Picket Lines and Political Pressure
by Ron Lare, UAW Local 600 retired, Ford Rouge, Detroit DSA Member
I applaud striking Teamster 337 members for inspiring the rest of us with a fight-back.
I have learned lessons from strikes. I think these lessons are relevant to the current Teamster strike against 7Up (Keurig-Dr. Pepper company).
Beginning in July 1995 and officially ending in 2001, the Detroit newspaper strike was full of lessons for the Detroit labor left — the labor activists with radical tendencies. Some strikers were permanently injured. One ran for public office based on strike demands. As a strike supporter, I was in jail for two days. By most measures, that strike was defeated. It was diverted from stopping production and toward consumer boycotts, which were ineffective. This experience still haunts Detroit activists but brought the labor left together.
Workers respect fighters, win or lose — again, my kudos to the 337 strikers. But what if the company goes all-out to defeat a strike and eliminate the union, rather than just reduce the union’s demands to something the capitalists can live with? Evidence of this danger includes the recruitment of scabs from as far away as Toledo, a hotel for scabs to stay in, and utter lack of seriousness at the bargaining table. The company may not want to settle the strike, but rather replace the workers permanently. (In more civilized countries, permanent replacement of strikers is not legally permitted.)

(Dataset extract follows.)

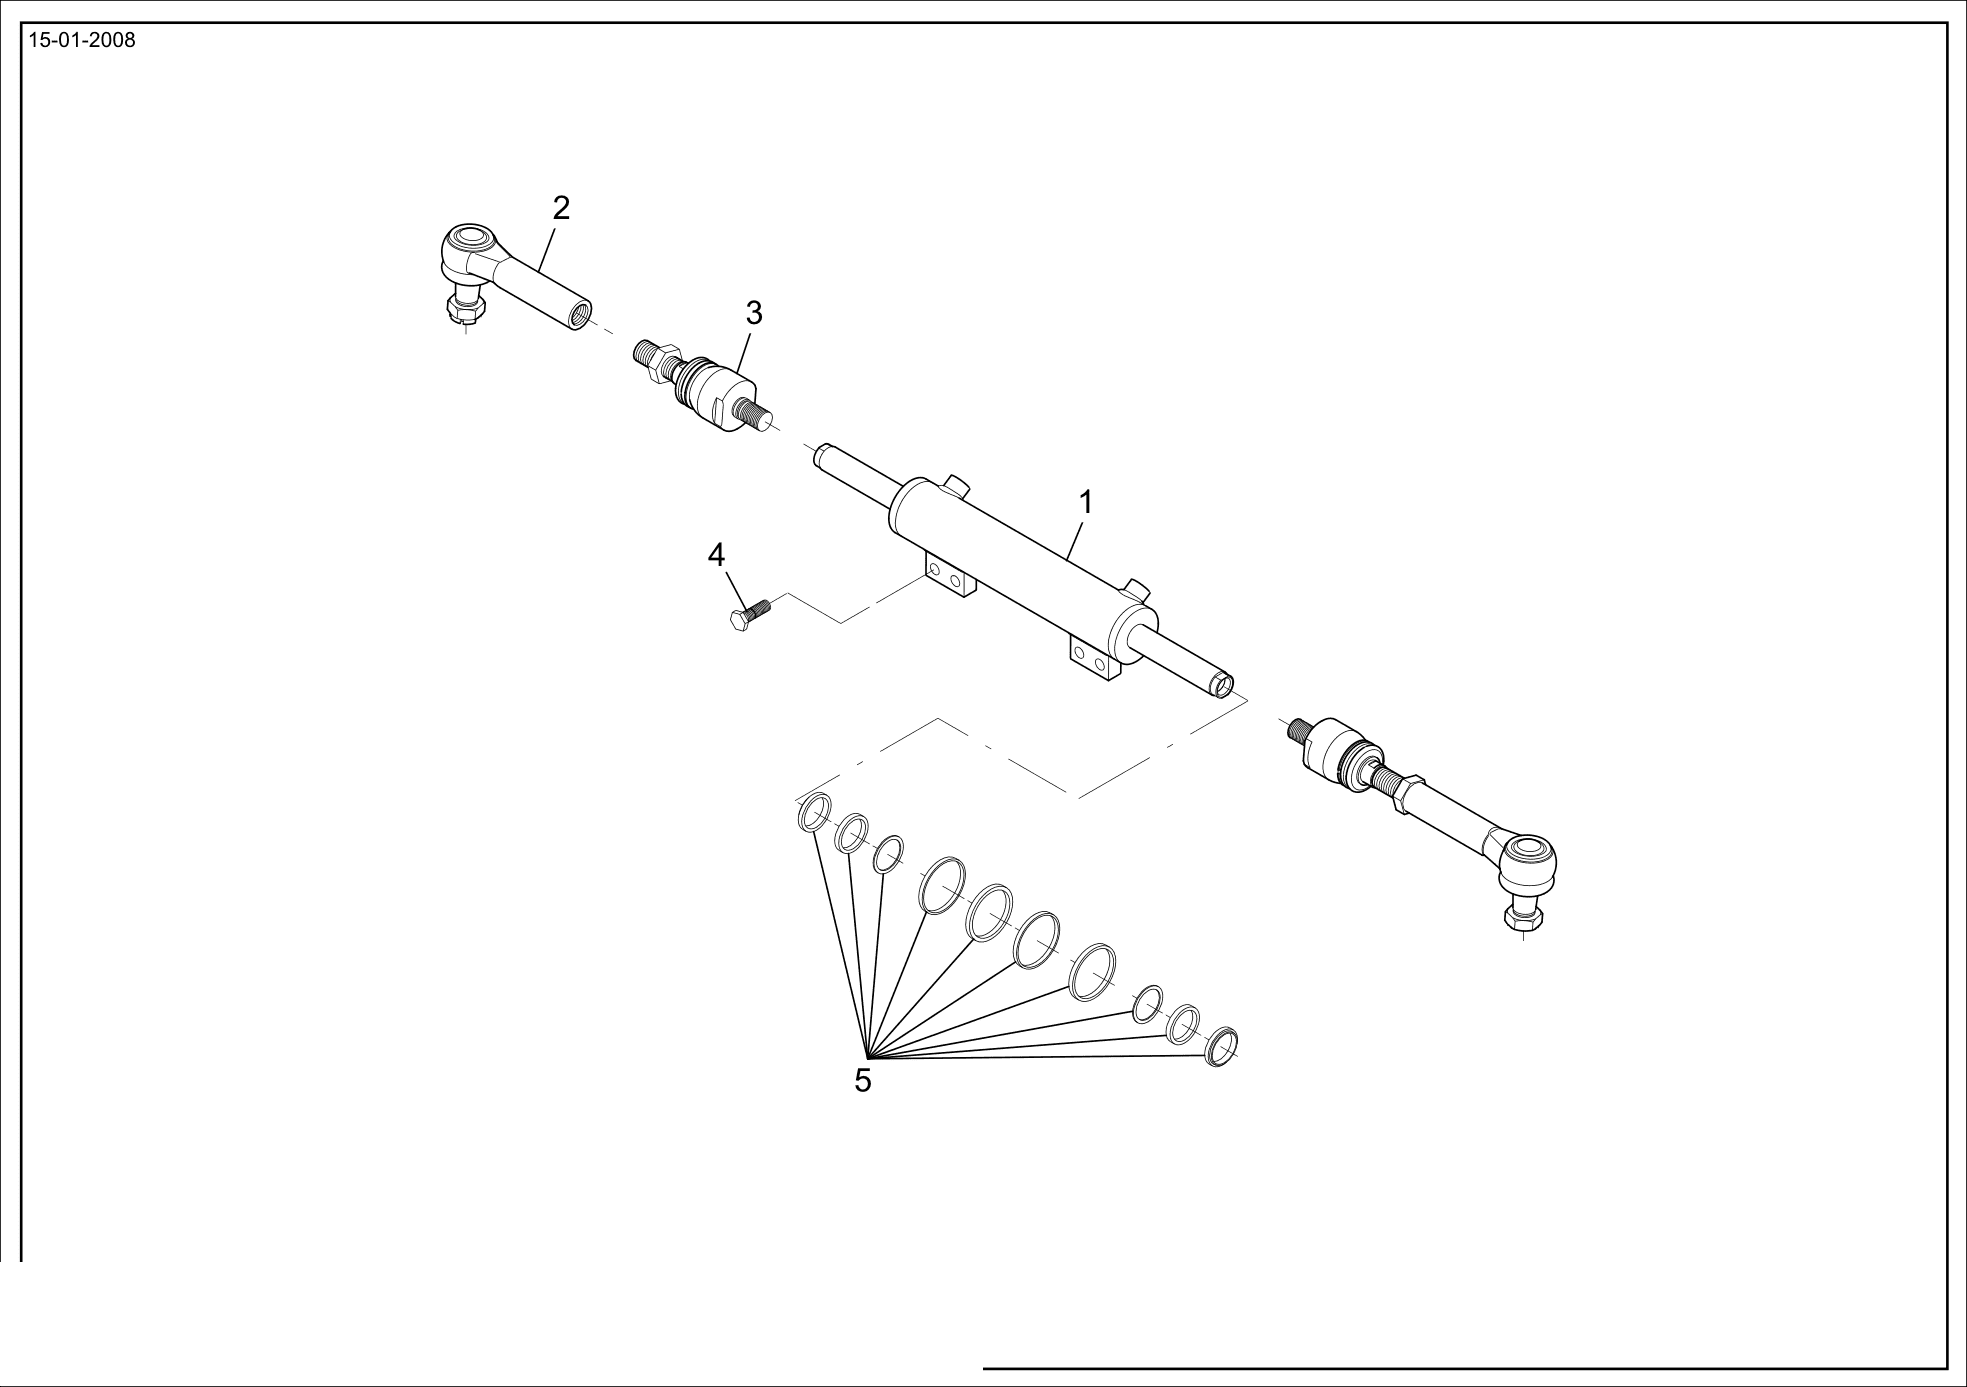 drawing for ROTA 3033850 - BAR (figure 1)
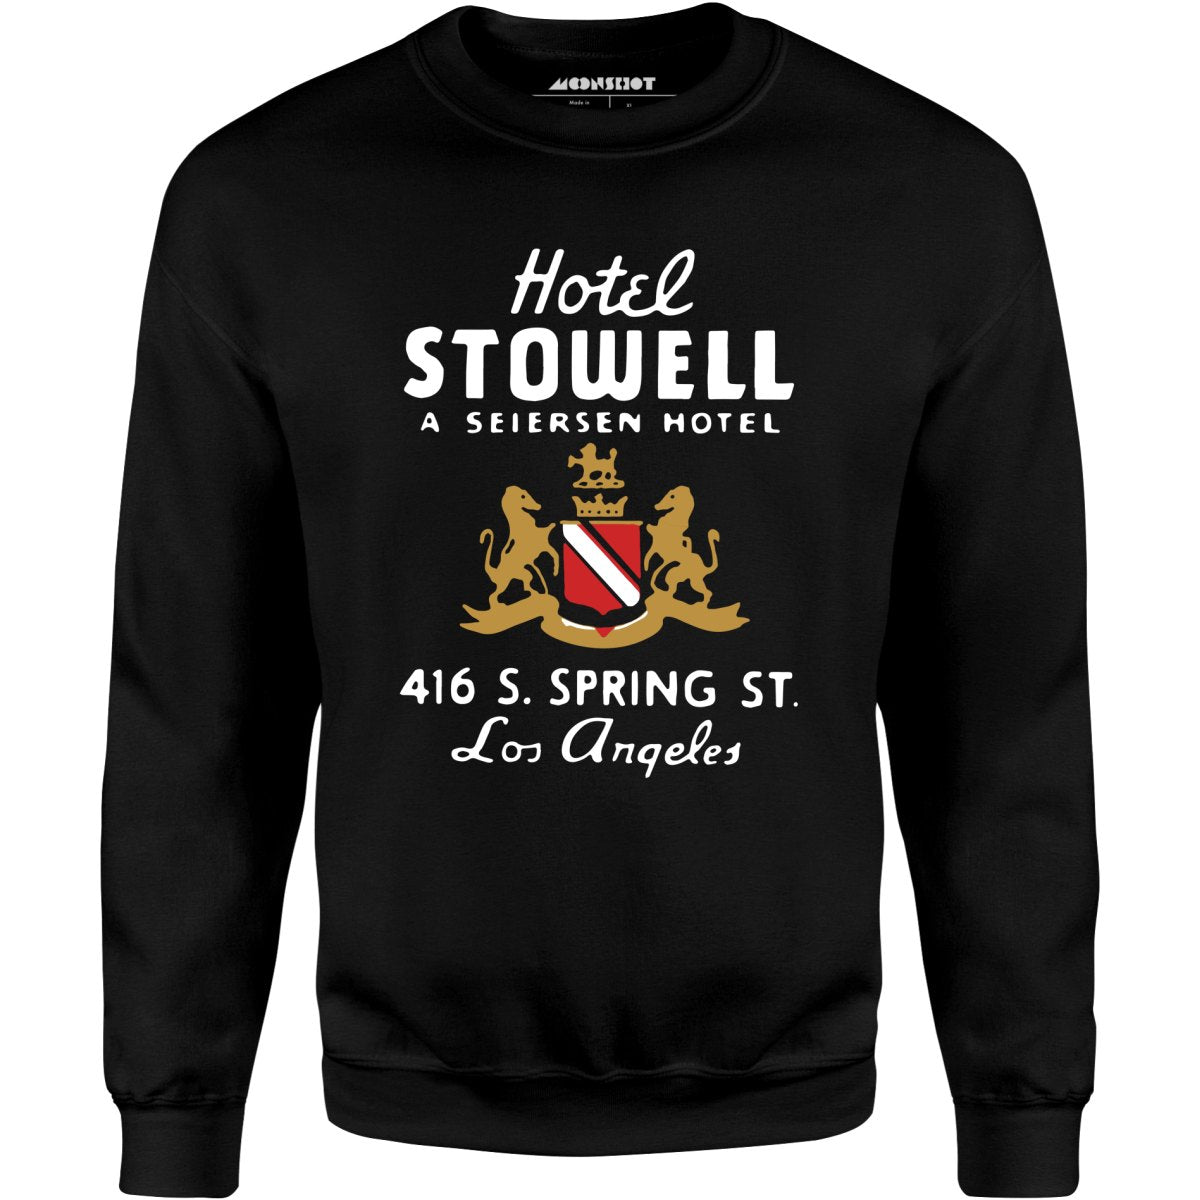 Hotel Stowell - Los Angeles, CA - Vintage Hotel - Unisex Sweatshirt

Here are my guidelines about how to win against such a company strategy:
- Stop the scab trucks
Following the arrests early in this strike and the prospect of an injunction, the union ceased trying to stop trucks at the gates. Stopping them would likely require “extra-legal” picketing measures. But what if the strike is isolated in Redford and the company uses other distribution centers? Even with help of supporters from outside the Teamsters, this effort might be crushed. What else is possible?
2. Spread the strike to other facilities and even companies
This might be termed an illegal “secondary boycott,” but like method “1”, its viability can be enhanced by “3” below.
3. Generate political pressure
This may be the moment. The Democratic Party seems to have rhetorically re-discovered unions, locally and nationally. That’s limited to politicians’ speeches on 337 picket lines locally — and to media soundbites about Amazon nationally. But Democrats desperately need to win back Trump supporters; there aren’t enough millionaire wannabes in the suburbs to hold the Senate. A Labor Notes article described how local sit-down strikes were won in the 1930s not just because the shop floor was occupied, but because local politicians sometimes refused to call the police. This happened because of mass political pressure on office holders and companies alike. Much bigger picket line mobilizations could generate such political pressure. “OMG, Mr. 7Up, I’m losing control of my constituents as the picket lines grow. And you remember Black Lives Matter numbers in the streets from last summer, right? Alas, no one can control kids these days.”
4. Don’t divert mobilizations away from mass picketing that could stop production
Don’t send supporters to pressure consumers away from the picket lines. Consumer boycotts are a toothless, bureaucratic strategy — as in the Detroit newspaper strike. They make participants feel like they are doing something, but they are too few to hurt the company, especially one with multiple sites and profit sources.
Here’s some more of my own experience that I base this article on.
1. I was on a seven-month strike as a UE member near Boston in the 1970s. Eventually scabs broke the strike and the union was decertified by three votes.
2. Ford did not have a national contract strike while I worked there for 30 years. Instead, the UAW let the company cut new hires’ pay almost in half and eliminate their pensions.
Respect to the 337 strikers! They have already affected the labor climate in SE Michigan. DSA should continue to make connections and give the strikers our wholehearted support on the picket lines.